(Problem statement): Quote the whole listing exactly. Leave the pictures out of your copy.

(Data excerpt):
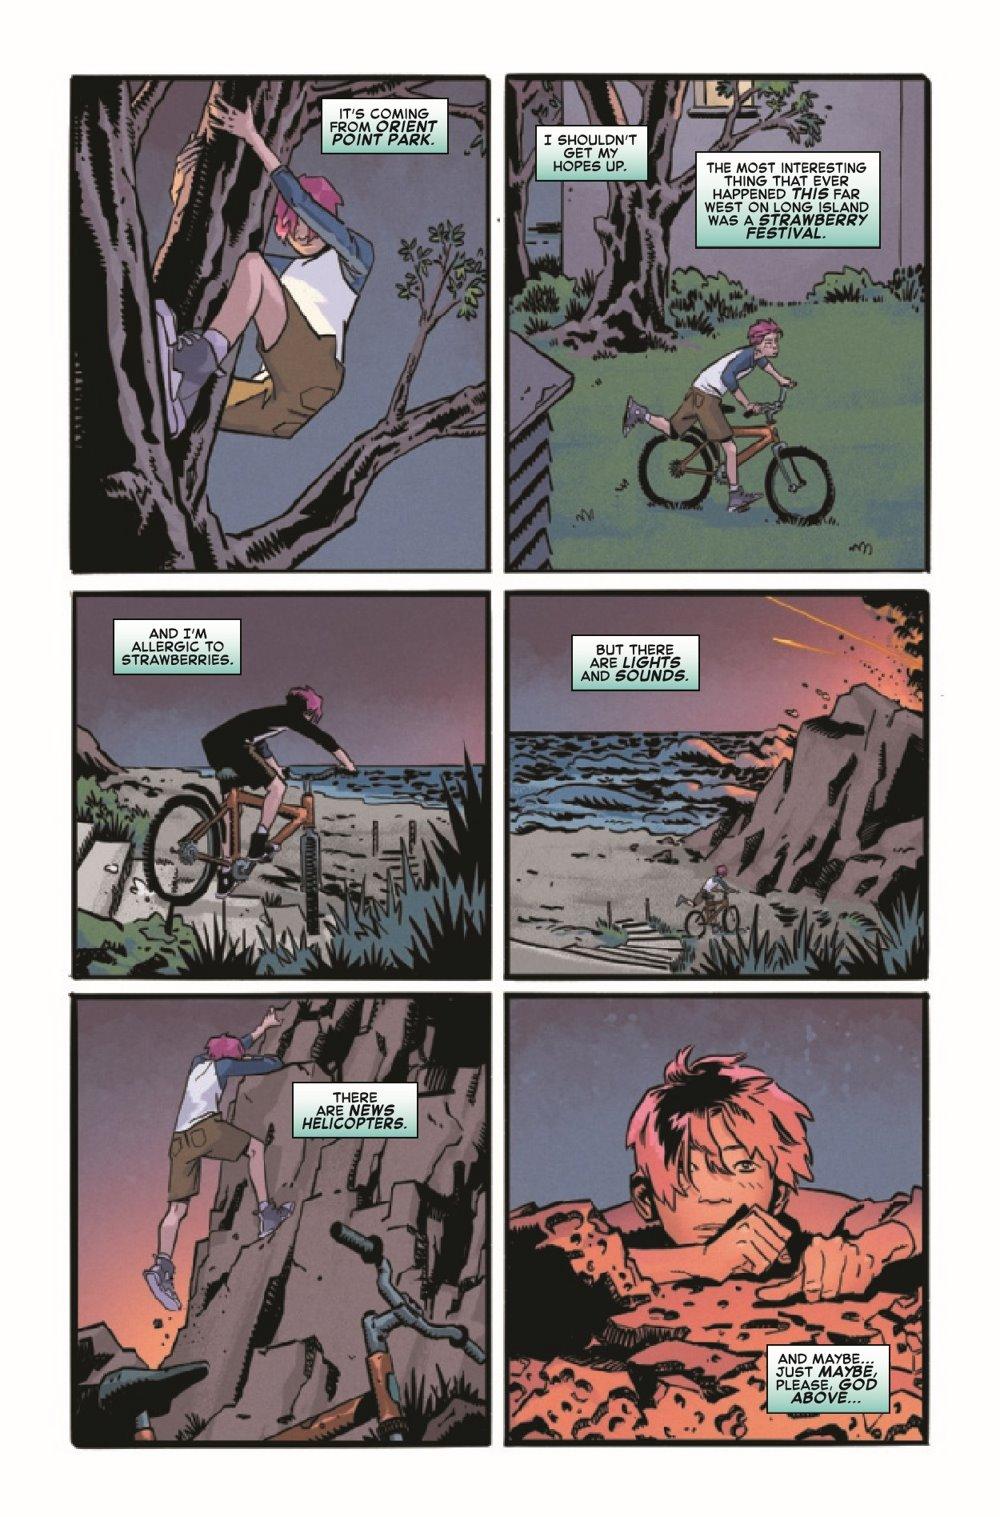 CAPMARVSNAP2020001_Preview-4 ComicList Previews: CAPTAIN MARVEL MARVELS SNAPSHOTS #1
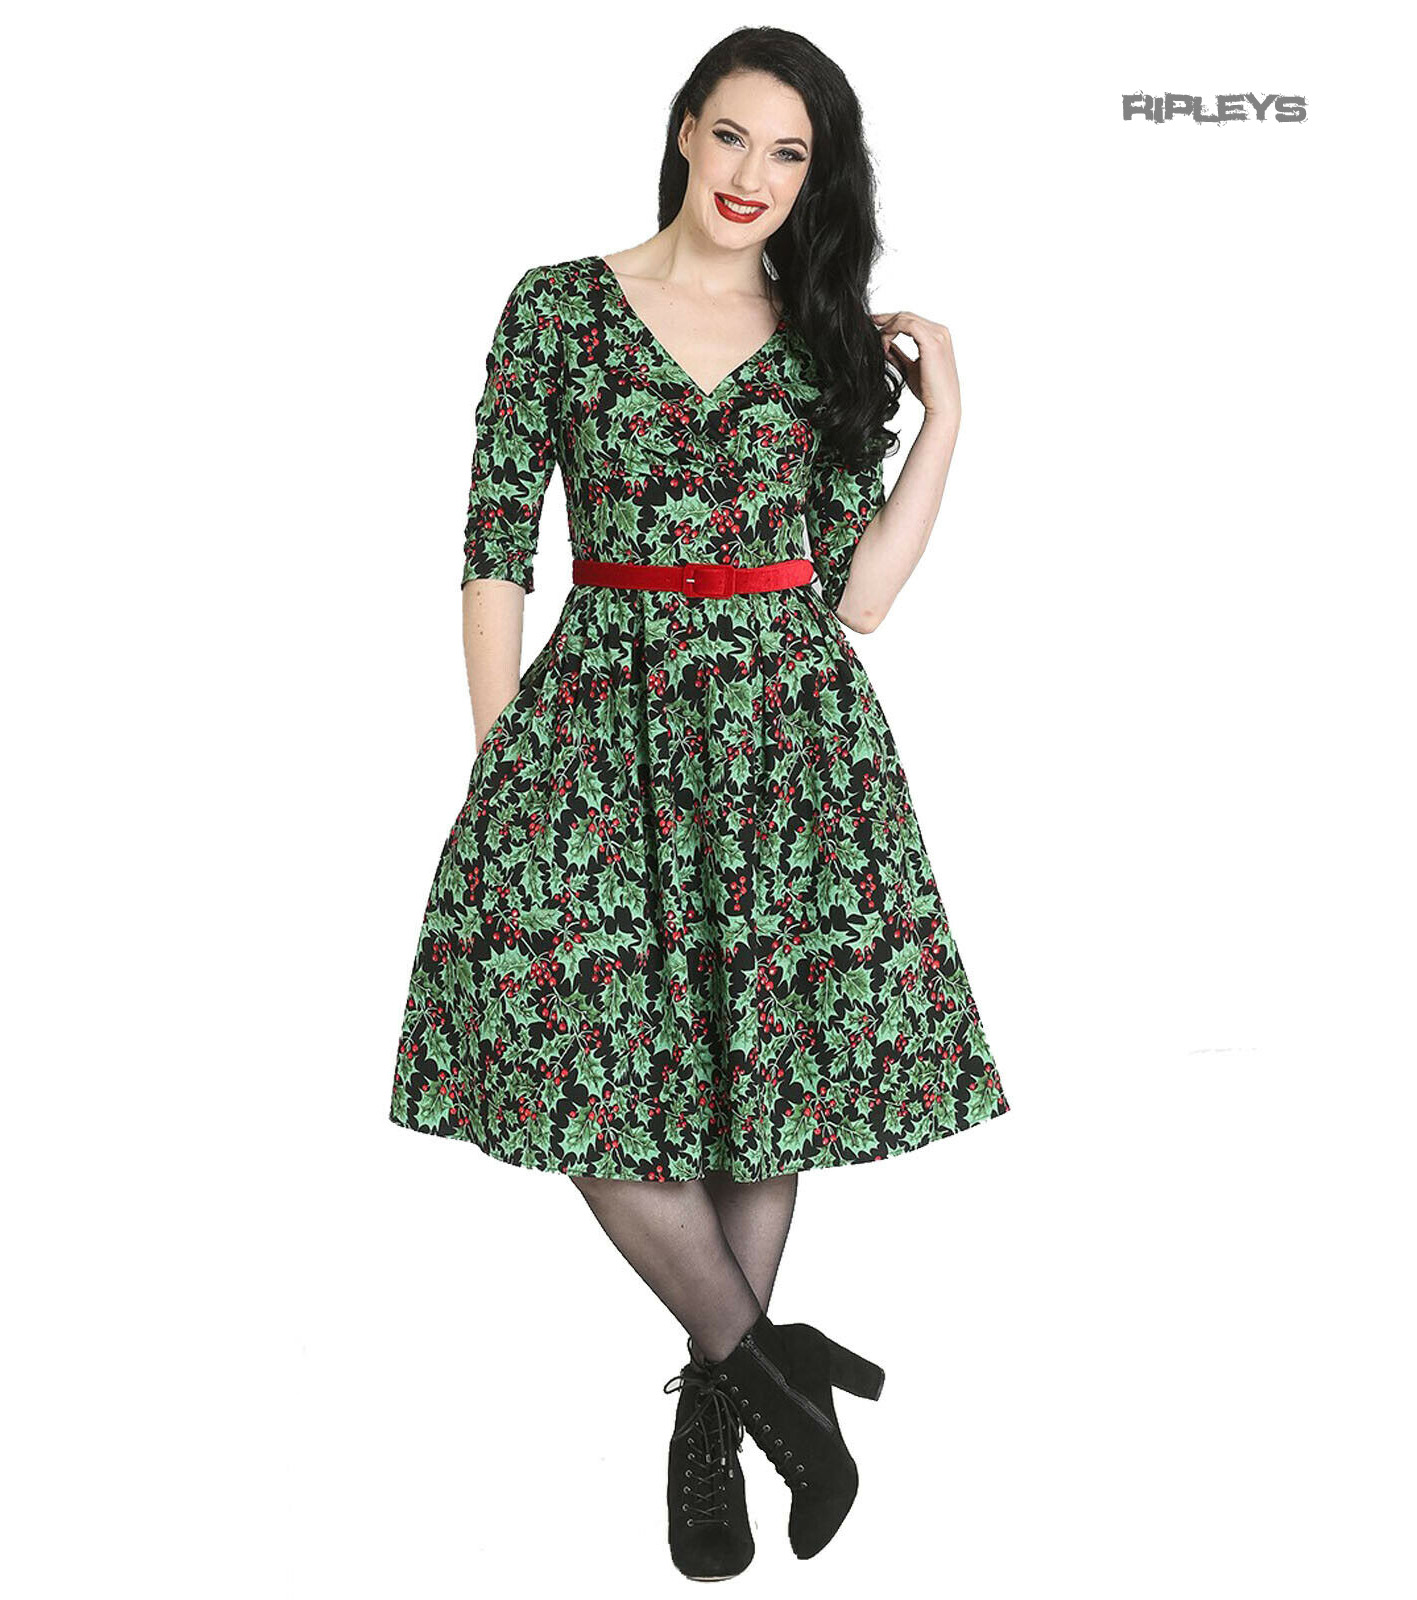 Hell-Bunny-50s-Pin-Up-Navidad-Vestido-Festivo-Rojo-Holly-Berry-Negro-Todos-los-Tamanos miniatura 30
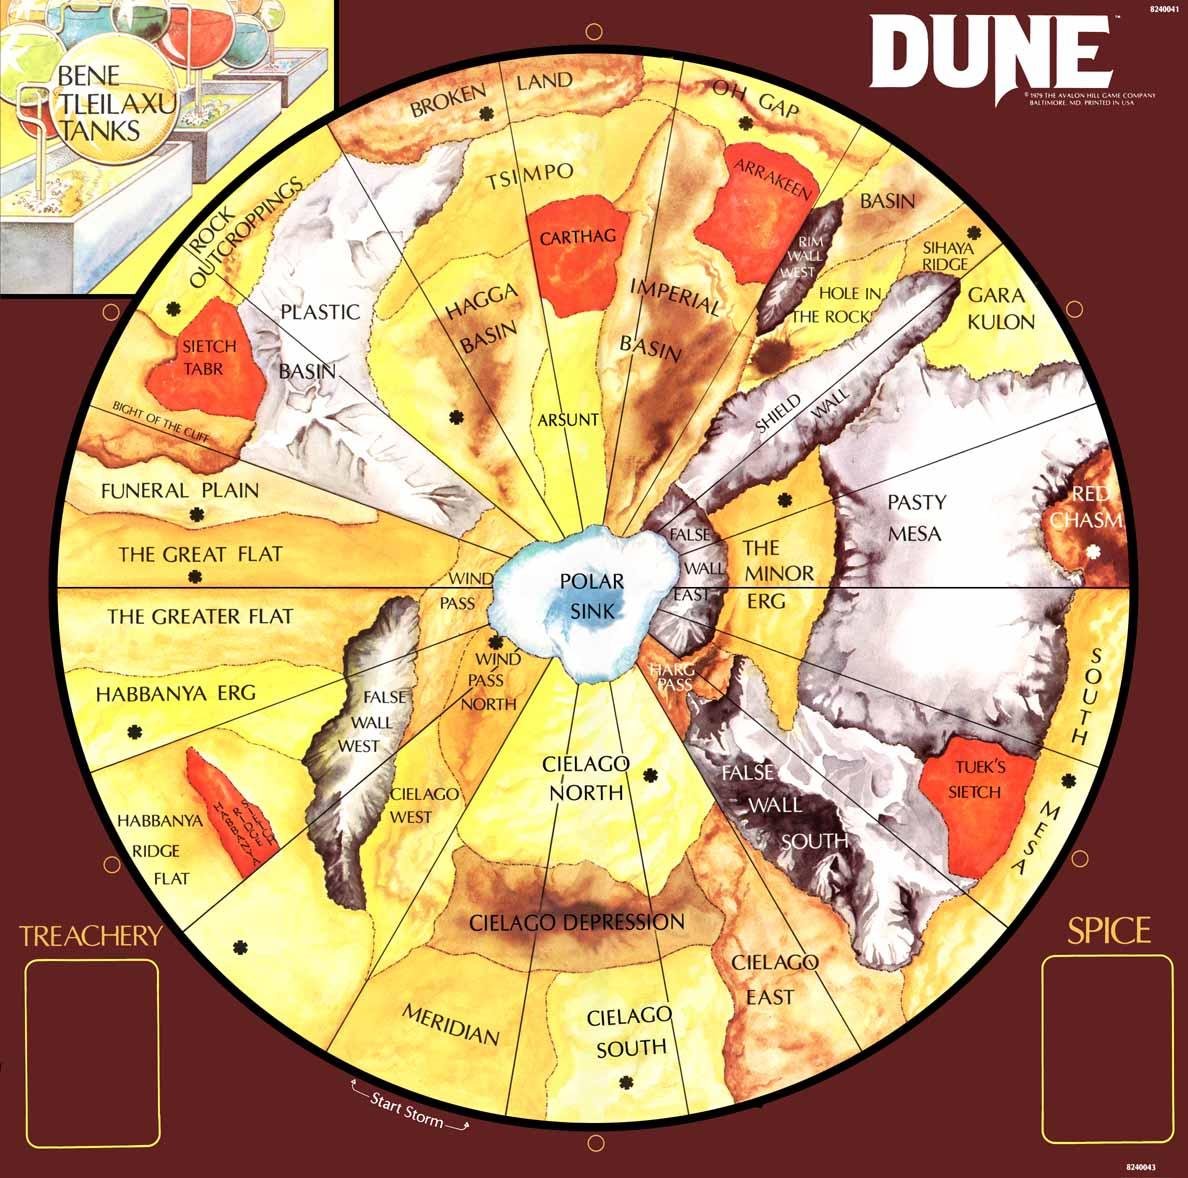 dune planet map - photo #3

(Final answer):
 CAPMARVSNAP2020001_Preview-4 ComicList Previews: CAPTAIN MARVEL MARVELS SNAPSHOTS #1
 Hell-Bunny-50s-Pin-Up-Navidad-Vestido-Festivo-Rojo-Holly-Berry-Negro-Todos-los-Tamanos miniatura 30
 dune planet map - photo #3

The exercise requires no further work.